The chief executive of the new £180million Oil and Gas Technology Centre (OGTC) in Aberdeen yesterday revealed she had already filled a number of keys posts.
Colette Cohen, who officially took up the reins on September 1, said OGTC was still in an “embryonic state” and was settling into its base at 20 Queen’s Road, the former home of now-defunct Iona Energy.
“We don’t officially claim to have opened our doors because we’re still trying to actually make the doors work,” said Ms Cohen, who until recently held the role of senior vice-president for the UK and the Netherlands at Centrica.
Ms Cohen said OGTC was just “starting the thought process” to understand what the industry needed from the organisation, how it would function, and which projects it should go after.
Despite being in its infancy, she wants OGTC to be working on projects and spending money by the end of the year.
The initiative for OGTC − part funded by the Aberdeen City Deal – came from economic development agency Opportunity North East, whose chairman is Sir Ian Wood.
OGTC’s aim is to make the north-east a focal point for oil and gas technology by helping companies develop and deploy new products and processes that can reduce costs.
It is setting up a number of “solution centres” to tackle challenges facing the industry, including asset integrity, well construction, exploiting small pools and decommissioning.
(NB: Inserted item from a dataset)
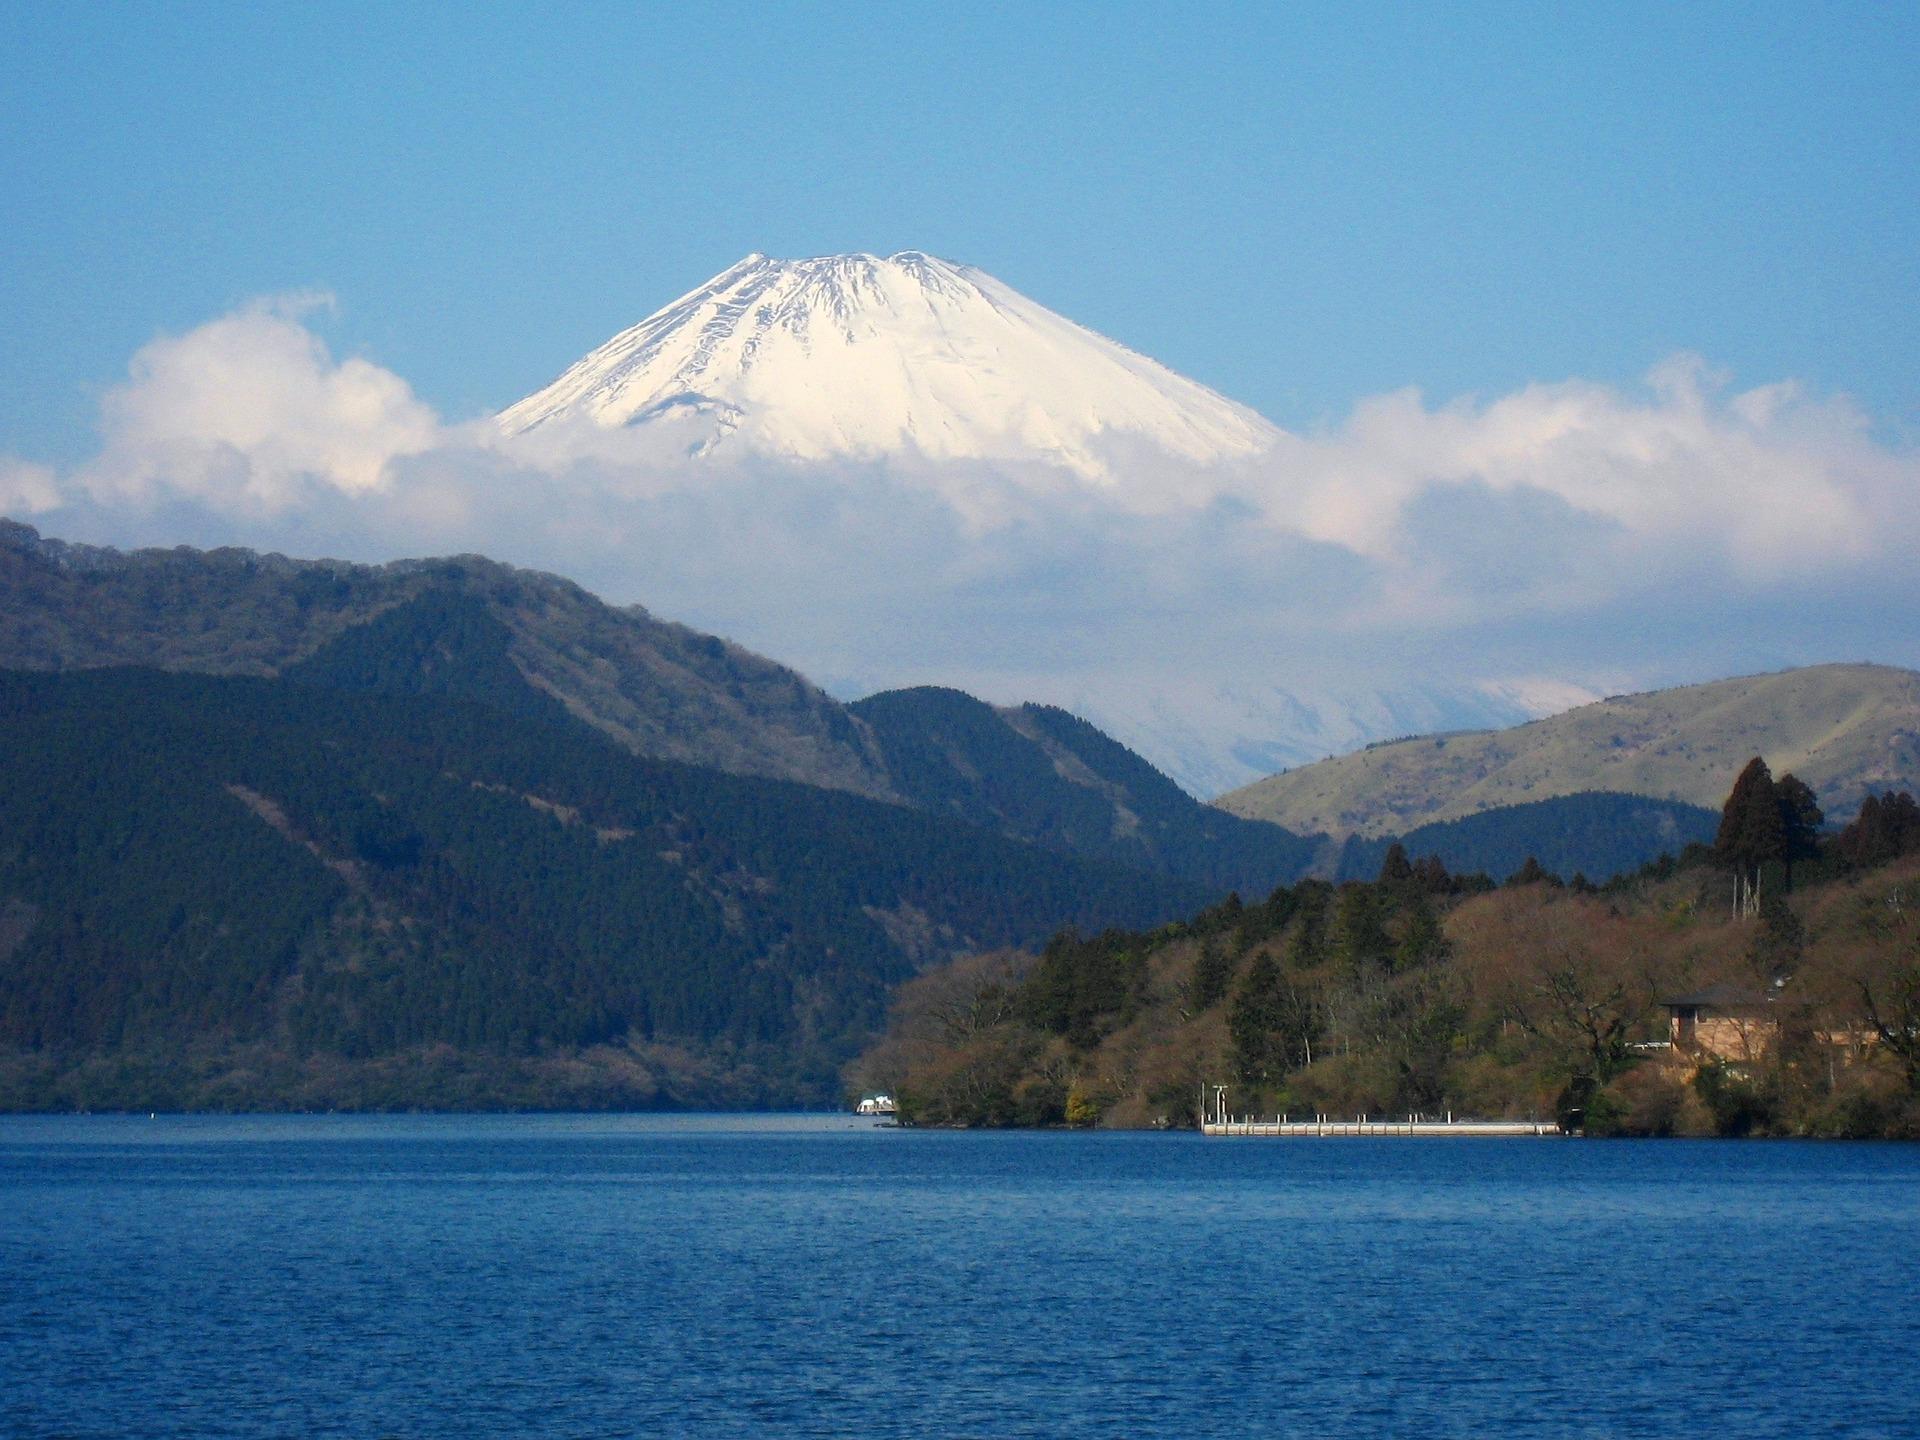 Lake Ashi, Kanagawa

Malcolm Banks, formerly of BP, will head up the solution centre for wells, Rebecca Allison, most recently of Lloyd’s Register, is responsible for asset integrity, and Chris Pearson, a consultant whose previous employers include BG Group, takes charge of small pools.
Mark Lappin, another former Centrica employee, is OGTC’s director of university and government relations, and Luca Corradi has become the organisation’s first innovation network director after leaving Accenture.
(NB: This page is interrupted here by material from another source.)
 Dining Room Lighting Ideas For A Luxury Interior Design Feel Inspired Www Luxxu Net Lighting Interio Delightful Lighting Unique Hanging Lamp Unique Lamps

An appointment for decommissioning has yet to be made.
Ms Cohen said OGTC and its leadership team would do everything they could to kick start the industry.
“There is a recognition that if the oil price comes back it is not going to save a lot of companies and fields which are too far gone,” Ms Cohen she said at a decommissioning technology event organised by Decom North Sea and the Oil and Gas Innovation Centre.
“We need to change processes and attitudes to technology and work together.
“We want to give the industry a chance to kick start itself. The OGTC can leverage a lot of funding and if we all work together we can gear it up even further. I hope that’s the attitude we encounter.”